FIFA and Qatar thought that would be enough. They thought that would be all. But the thing about being so rich, and so utterly corrupt, is that their version of reality is so warped not only do they see things completely differently than the rest of us, in such an oblivious manner, they also can’t conceive of why the world doesn’t look the same to the rest of us.

Which is how you get a reaction like this to being questioned about a migrant worker who died at the training site of Saudi Arabia:

Or this ostrich in the sand impression when facing any sort of tough question:

It’s hard for you and me to fathom just how rich the rulers of Qatar are. Their natural gas reserves and oil have let them essentially build an entire World Cup from scratch in about a decade, along with all the other things that have come to Qatar in recent times.

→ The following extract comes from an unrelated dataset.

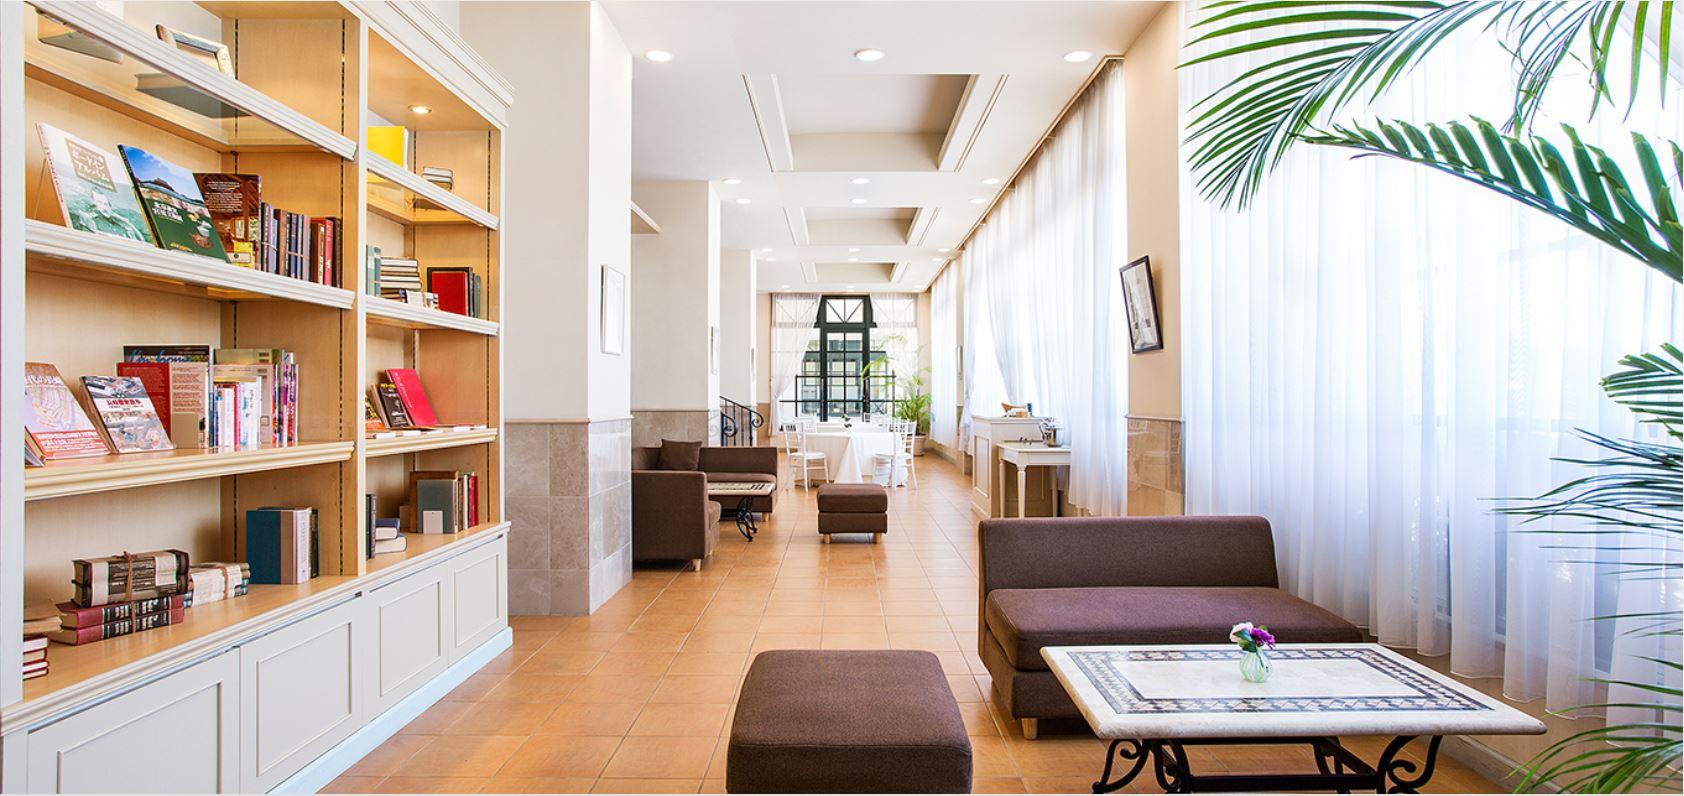 カフェ 長崎 ルーク プラザ ホテル 九州 旅行 おすすめ 観光

That much money has clearly convinced these people that not only are they rich, or better, but everything is in service to them. The World Cup was simply another event, another vehicle for them to get all that they want, to be praised and worshiped as true visionaries and betters, when in reality they just happen to live where all that gas and oil is. The migrant workers whom they abuse and let die, are simply another factor in service to their greatness, as they see it. The journalists and fans who came to Qatar for this tournament were just supposed to be more to marvel and gawk at what they created, to dance the dance that these people had set out when they paid off every FIFA official they could to get the tournament in the first place. Those asking questions or actively protesting are simply not part of the plan that they never considered wouldn’t be followed by everyone. Everything else bends to them and their money, why won’t this?

You don’t have to go to Qatar to see the way money, especially unearned money essentially, deludes those who have a lot of it. We live in a country distorted by a host of people who simply have no idea what it costs or what it’s like to have less money. And having a lot of it has convinced them that they are better, theirs is the way, and they don’t even need to know what rent or groceries actually cost. It’s just in Qatar this has been multiplied and mutated to a ridiculous degree.

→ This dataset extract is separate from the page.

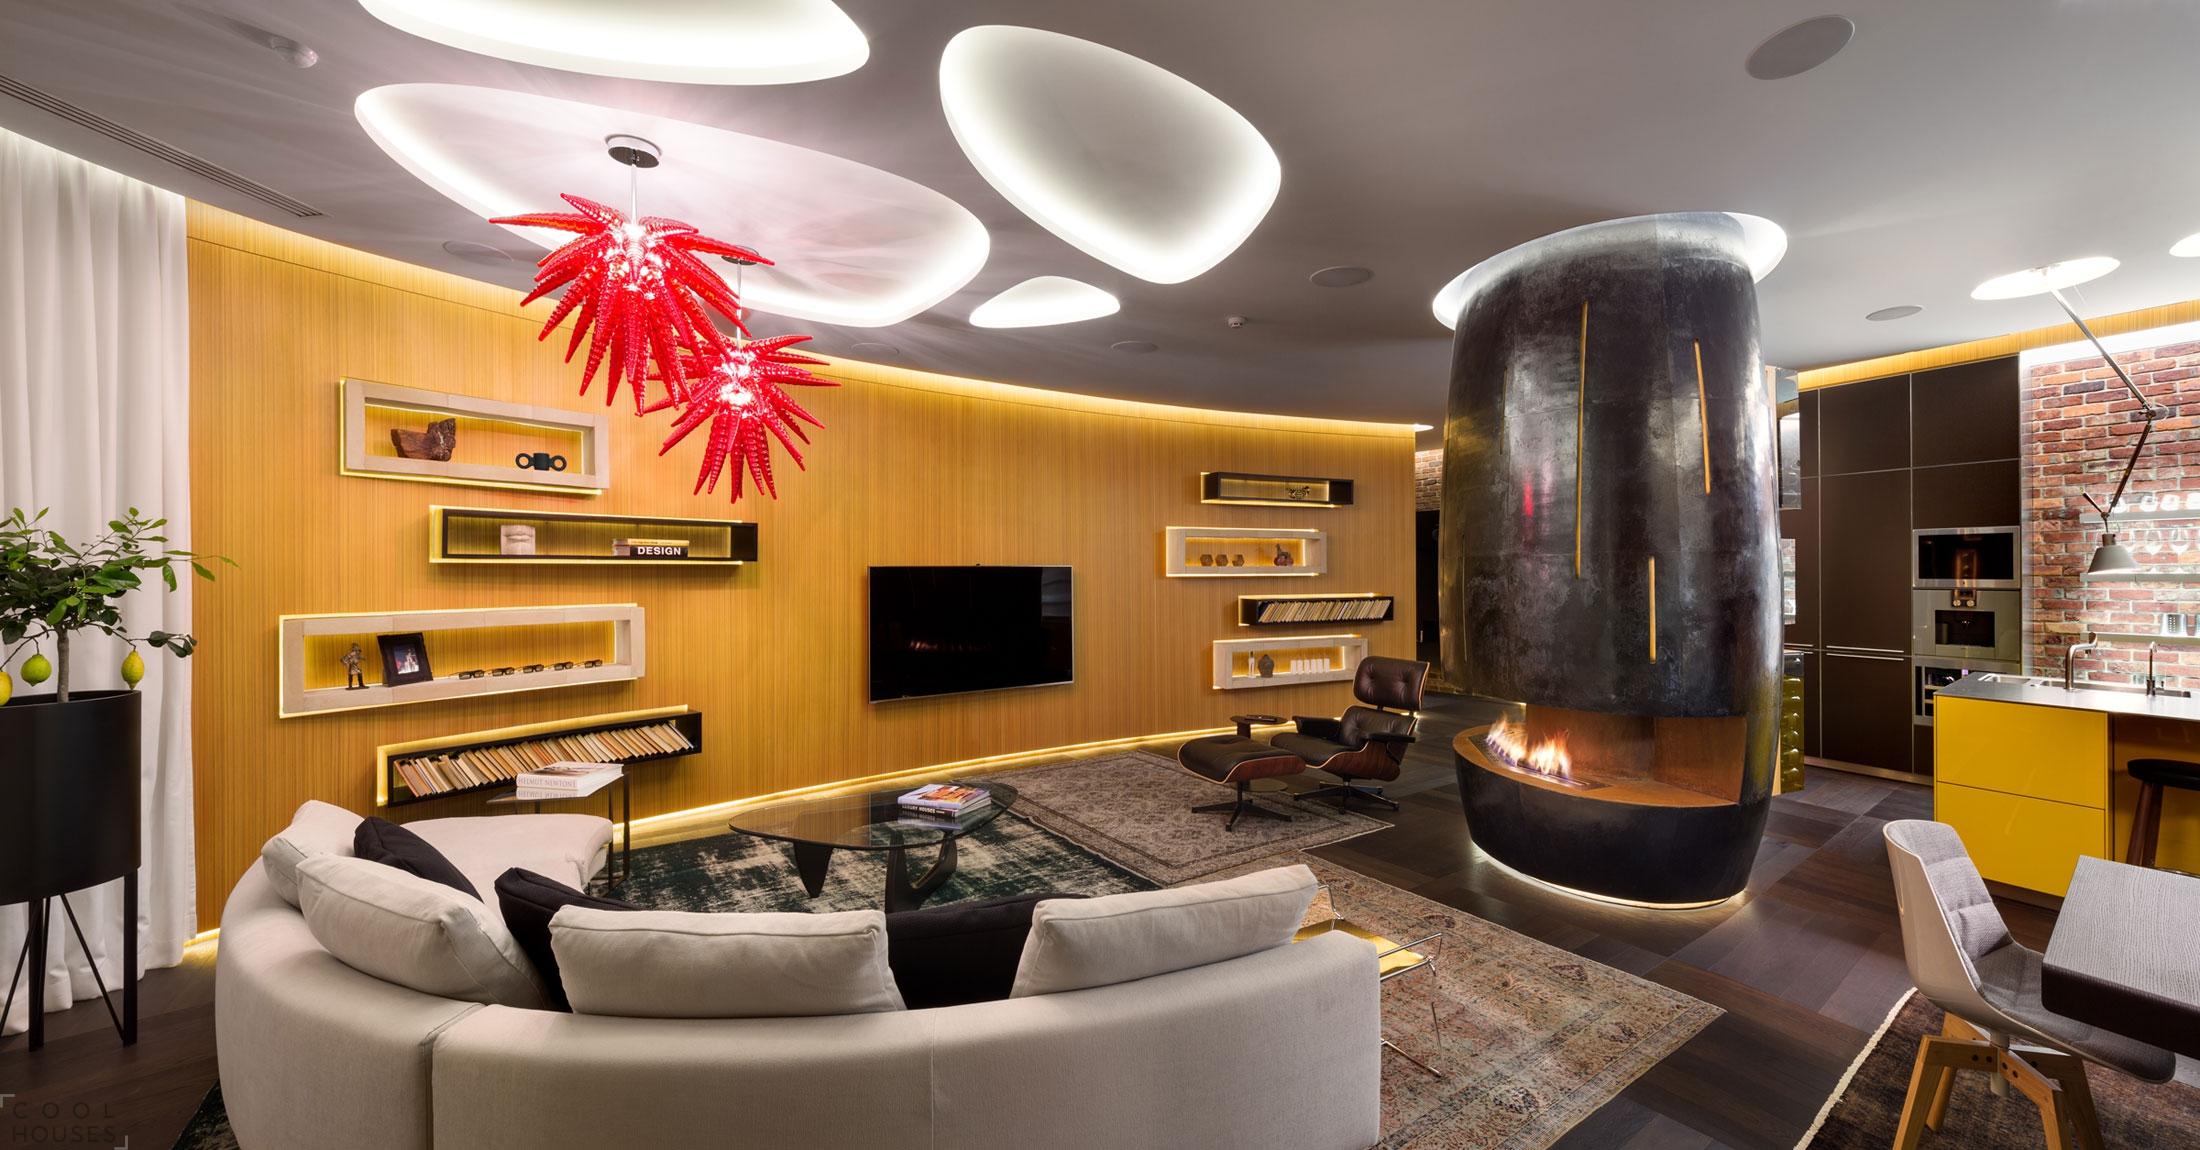 Потрясающая квартира в центре Киева, Украина, от дизайн-студии Барабан+

I don’t know if Qatar thought it could buy its way out of any scrutiny, though I tend to lean to the idea that they’re so sheltered they never thought it would come. They seem so unprepared for it. We saw it when HBO’s Real Sports went there years ago, and when an official was told that the news crew already had visited the grotesque living quarters of migrant workers, simply walked away because he had no answers. He’d never anticipated the questions. It seemingly never dawned on any of them that this information could get around. Everything is in service to them, and when something is not, it’s simply not how things work.

Perhaps deep down, they know they don’t have to care because what’s going to change it? The Qatari government clearly doesn’t care. Foreign governments aren’t going to march an army there to protect migrant workers. And they’re all too dependent on the resources Qatar has to raise that much of a fuss. That security of knowing there are no consequences would only distort their view of reality even more.

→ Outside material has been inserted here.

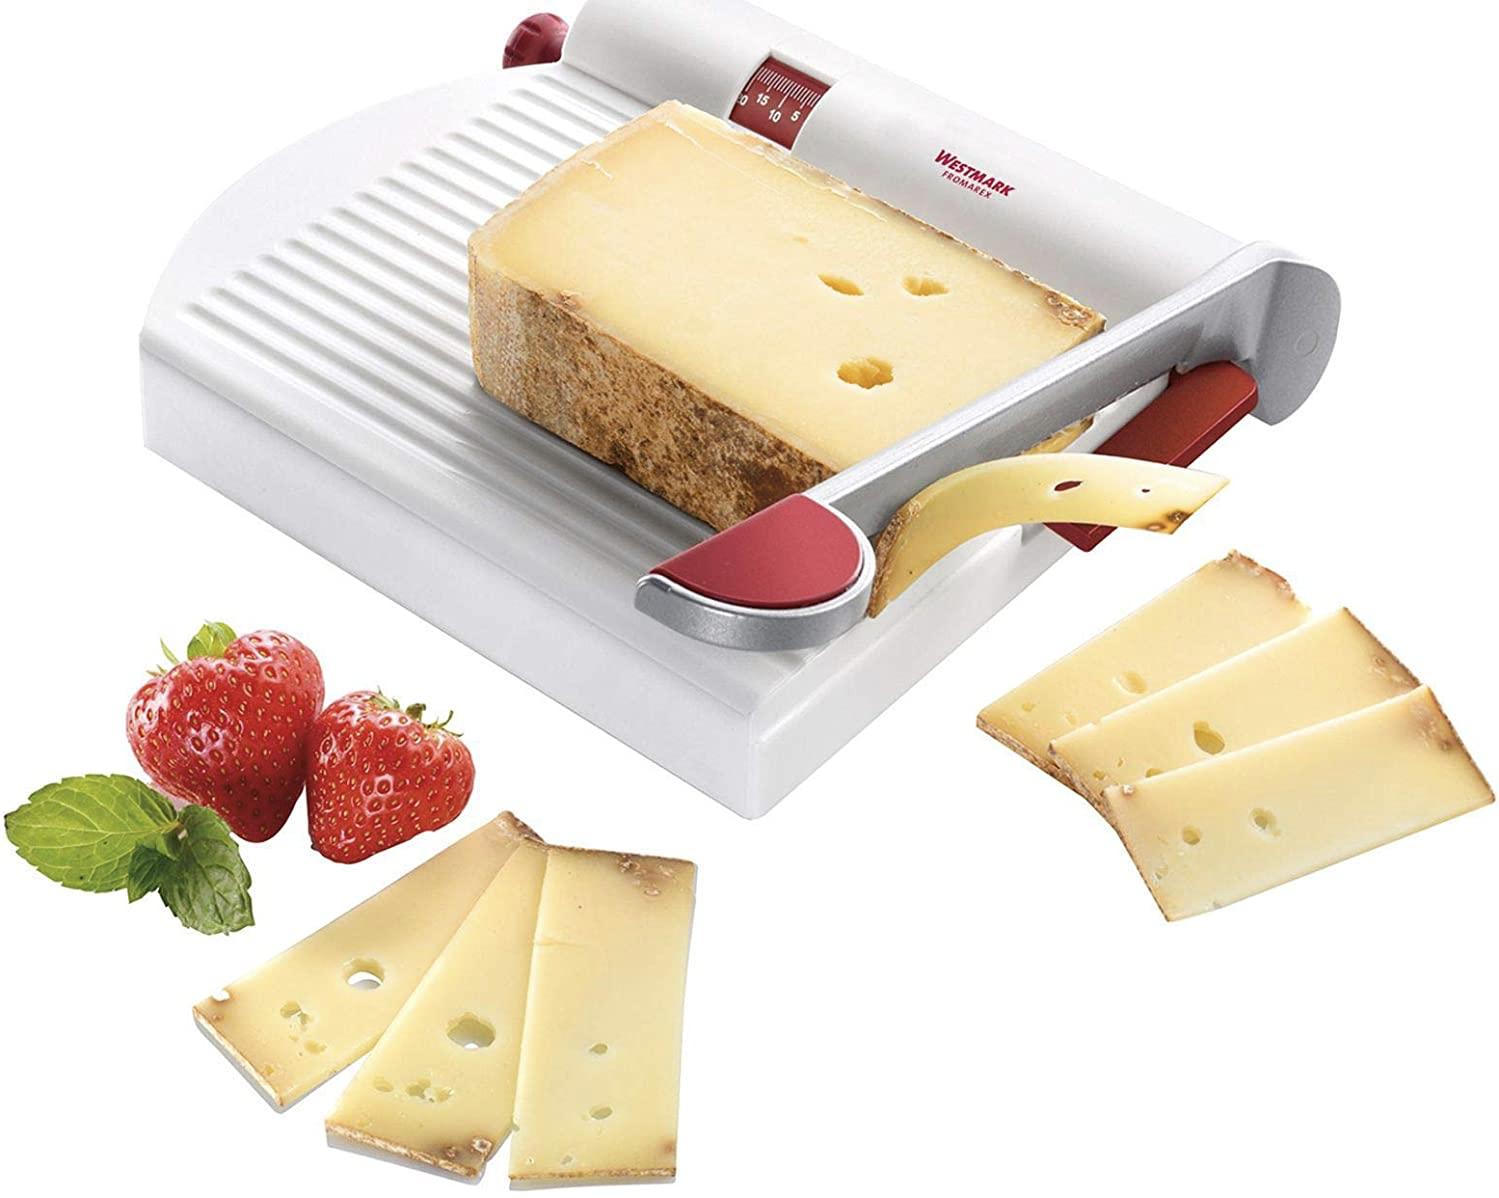 Westmark-Germany-Multipurpose-Stainless-Steel-Cheese-slicer

It has always felt like Qatar genuinely thought this would be a celebration of their country, and are shocked it’s become simply a megaphone to the death, abuse, and detritus that it is built on. That obscene amount of money and the walls it builds around those who have it certainly creates such a bubble.

This World Cup will have a dual track history. The drama of the end of the group stage and whatever happens from here will certainly be catalogued. Any of the eight who end up winning it will have a great story. But it’ll be told right alongside the callousness and ugliness of the host and the organization that enabled it. They’ll be linked forever.

Is that enough? No, it won’t save lives, or bring back the ones already lost. It’s more than nothing I guess. But as much as a lot of us can’t wait for it to be over, those who run Qatar are just as anxious to return to their bubble where these questions and scrutiny don’t exist anymore. Not all that much will change, including having any answer about why this all had to happen in the first place other than the obvious.